The structure of YadA26–241 was solved utilising seleno‐methionyl labelled double mutant Yad26–241‐2M (I130M, I157M) and multiple anomalous dispersion (MAD). The mutant crystals grew from similar conditions to native ones (Nummelin et al, 2002) in space group R32. (The native data had been indexed in R3 (Nummelin et al, 2002) in case the crystals were merohedrally twinned, but it became clear that the two‐fold is crystallographic, and so all data were rescaled to R32 (Table I).) The electron density quality was good throughout the structure (Figure 1), but 37 residues were disordered in the final model (see below). The stereochemistry of the molecule is good (Table I). However, only 81% of residues are in the most favourable areas of the Ramachandran plot instead of greater than 90% as is usual in well‐defined structures of this resolution. This can be explained by the fact that the structure contains 17 of the less common type II β‐turns (see below). In 16 of these, a non‐Gly residue occupies the i+2 position (Figure 1) in an αL conformation, which is usually permitted only for Gly (Rose et al, 1985).

Figure 1.

Electron density of (2Fo‐Fc) map contoured at 1.5σ for turns T1 (A) and T2 (B) showing S113 and N146 in i+2 positions in left‐handed α‐helical conformation. Hydrogen bonding from G111 and G144 to i+3 is illustrated in violet with the distance between atoms in Å. The figure was prepared using BOBSCRIPT (Esnouf, 1999) and Raster3D. (C) Stereo picture of trimeric YadA head domain. The N‐termini are up and the C‐termini are down. The strands are drawn as arrows, helices as ribbons and the different monomers are in different colours.

View this table:
Table 1. Data collection, structure determination and refinement

The head domain

The YadA head domain is a tight trimer about 53 Å long and 37 Å wide (Figure 1C). The monomers consist of two different regions identified from the sequence, the head (26–194) and the neck (195–219; Hoiczyk et al, 2000). Amino (N)‐terminal residues 26–31 and loop 52–61 are missing in the final model, as well as the start of the stalk domain (221–241). The head region is composed almost solely of β‐sheets making a novel nine coiled left‐handed parallel β‐roll (LPBR), surrounded by a partly disordered (N)‐terminal random coil and a C‐terminal neck region, which consists of a random coil and a short helix at the start of the stalk domain. There are no stabilising disulphide bridges to account for the stability of the trimer.

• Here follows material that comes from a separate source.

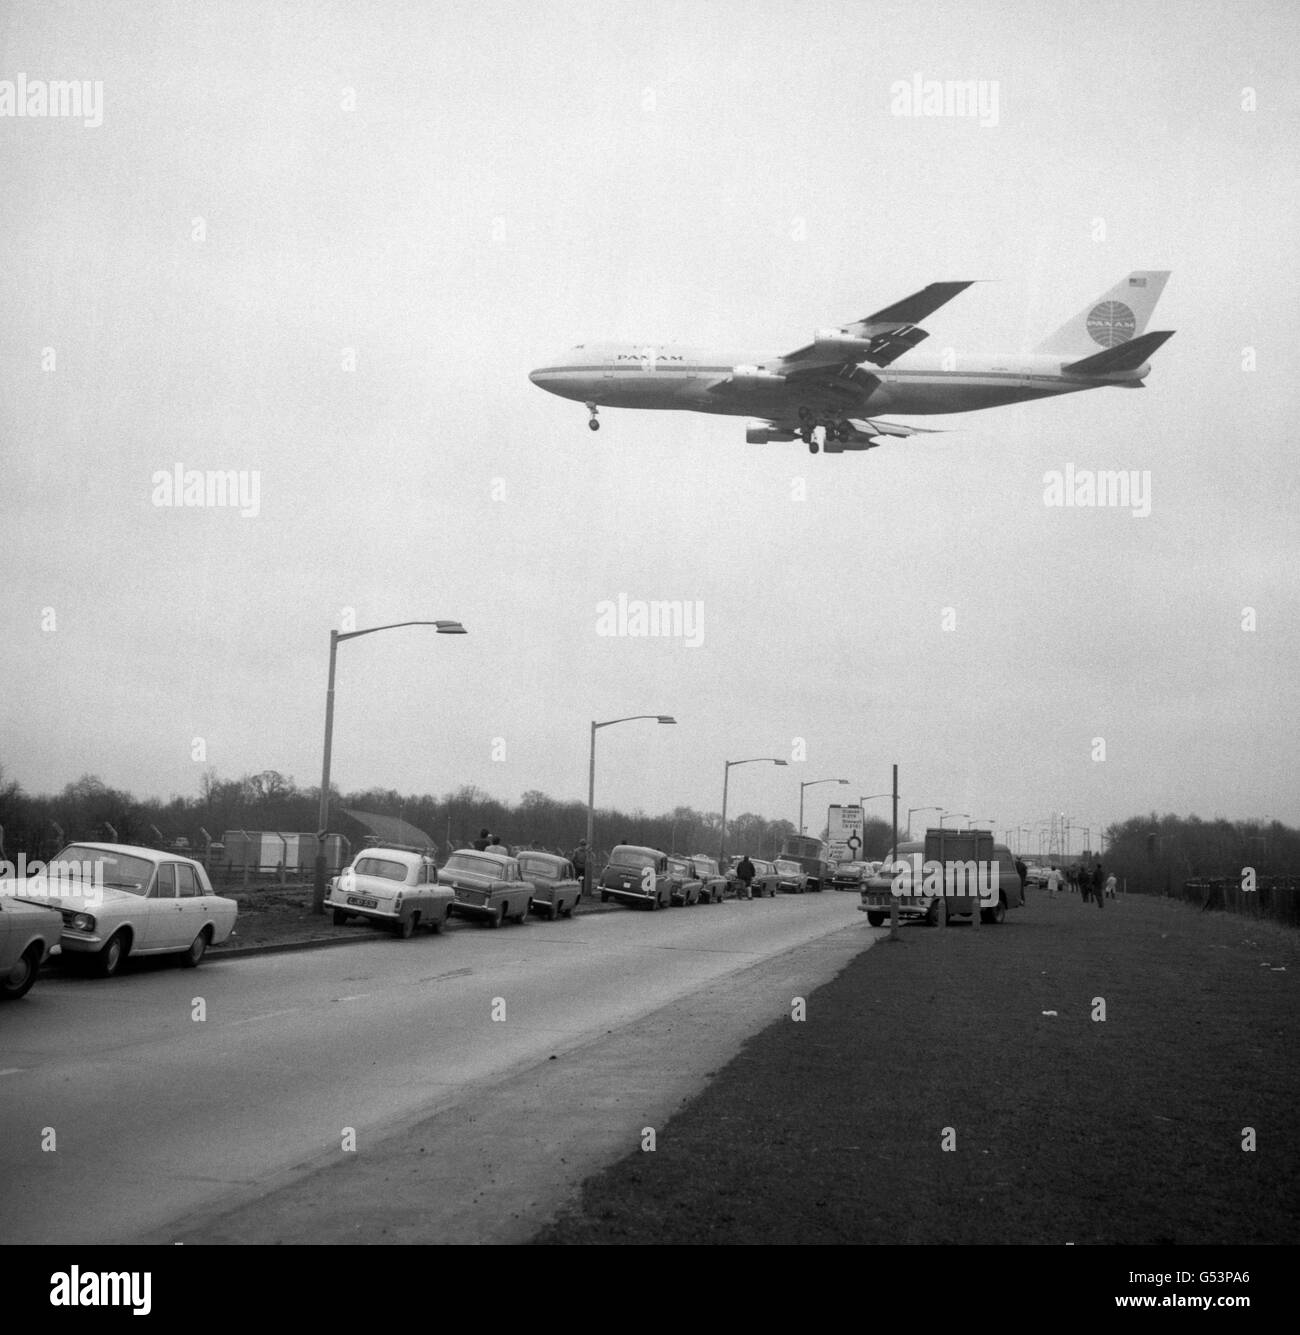 Riempiendo il cielo, il potente jet Boeing 747 jumbo passa sotto la strada quando arriva per la prima volta all'aeroporto di Heathrow. Foto Stock

The YadA LPBR structure is composed of a 14‐residue repeat motif, of the form turn (T1)—three‐residue inner strand (IS)–turn (T2) and a three‐residue outer strand (OS; Figure 2). The variation in the coil length, from 13 to 16 residues, is caused by a variation in the T1 length, so that the longest one is at the C‐terminus of the LPBR. The other turn, T2, is always the same length. The hydrophobic interior of the trimer is composed of the inner strands, which constitute seven out of eight NSVAIGXXS motifs (El Tahir et al, 2000) and two additional similar sequences AAVAVGAGS and SAVTYGAAS (Figure 2B). One of the NSVAIGXXS motifs identified was part of the outer sheet.

Figure 2.

(A) One level of the β‐roll in the trimer viewed along the z‐axis showing the packing of the oligomeric core by large hydrophobic residues and the packing of the monomeric interior by small hydrophobic residues. The conserved (ii+3) hydrogen bonds are shown with dashed lines. The colouring of the monomers is the same as in Figure 1C. (B) Alignment of the full β‐roll repeats. The NSVAIGXXS repeats are shown in bold and the totally conserved Gly is boxed. The turns T1 and T2 are marked on top of the alignment and the residues making β‐strands are in grey boxes. The consensus sequence is marked below the alignment.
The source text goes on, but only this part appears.